Sonia Ebling (1918–2006) was a Brazilian sculptor and teacher.

==Biography==
Born in Taquara, Ebling began her art studies in painting and sculpture, in the Schools of Fine Arts of Rio Grande do Sul and Rio de Janeiro between 1944 and 1951. In 1955, she received the Award for Foreign Travel from National Modern Art in Rio de Janeiro for the sculpture Woman and Bird. She remained in Europe until 1968, studying with Ossip Zadkine in Paris, and getting a grant from the Calouste Gulbenkian Foundation. She exhibited at major events such as the Salon de la Jeune Sculpture at the Rodin Museum, the Art Biennial Tri-Veneta of Padua, the Salon de Réalités Nouvelles and the Salon des Petits Bronzes of the Museum of Modern Art in Paris. Eblin represented Brazil in Documenta of Kassel, and participated in the seventh Bienal of São Paulo. Returning to Brazil, she received an order for a relief to be installed in the Palace of the Arches in Brasília.
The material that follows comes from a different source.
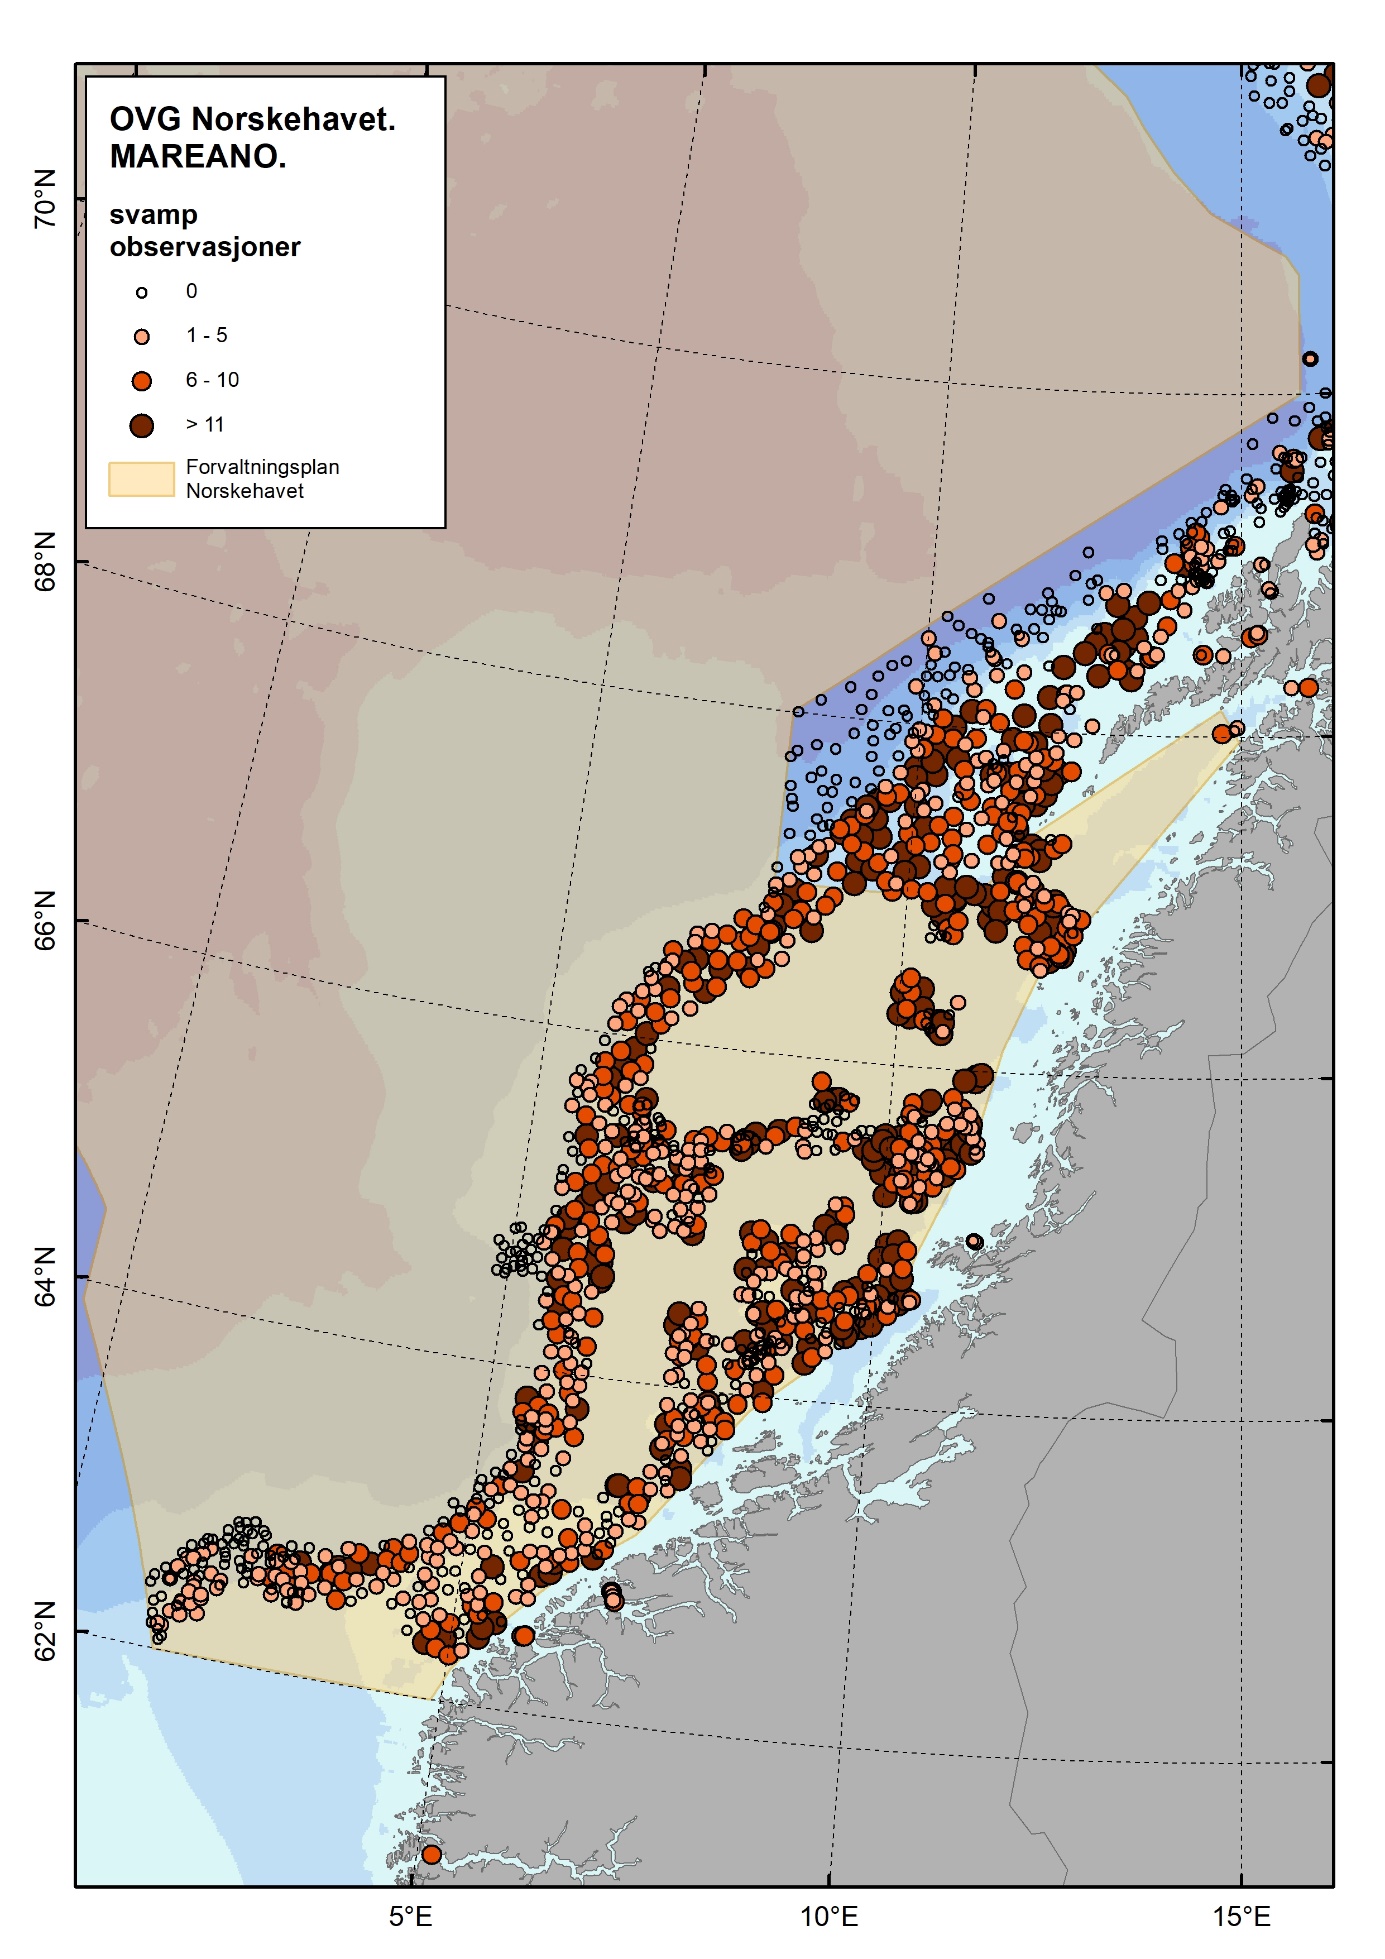 Figur 4.2.7.4 Oversikt over fordeling av svamp i Norskehavet basert på observasjoner i felt. Størrelse og farge på symbolene indikerer antall observasjoner per videolinje. Kilde: Mareano.

In 1970, she taught a course in cement sculpture at the School of Fine Arts at Universidade Federal do Rio Grande do Sul; six years later, she was invited to assume the chair of sculpture at the same university. Her work in cement includes the adding of oxide pigments and vegetable fibers, creating a durable and adaptable piece of art characterized as both a painting and a sculpture. She died in 2006.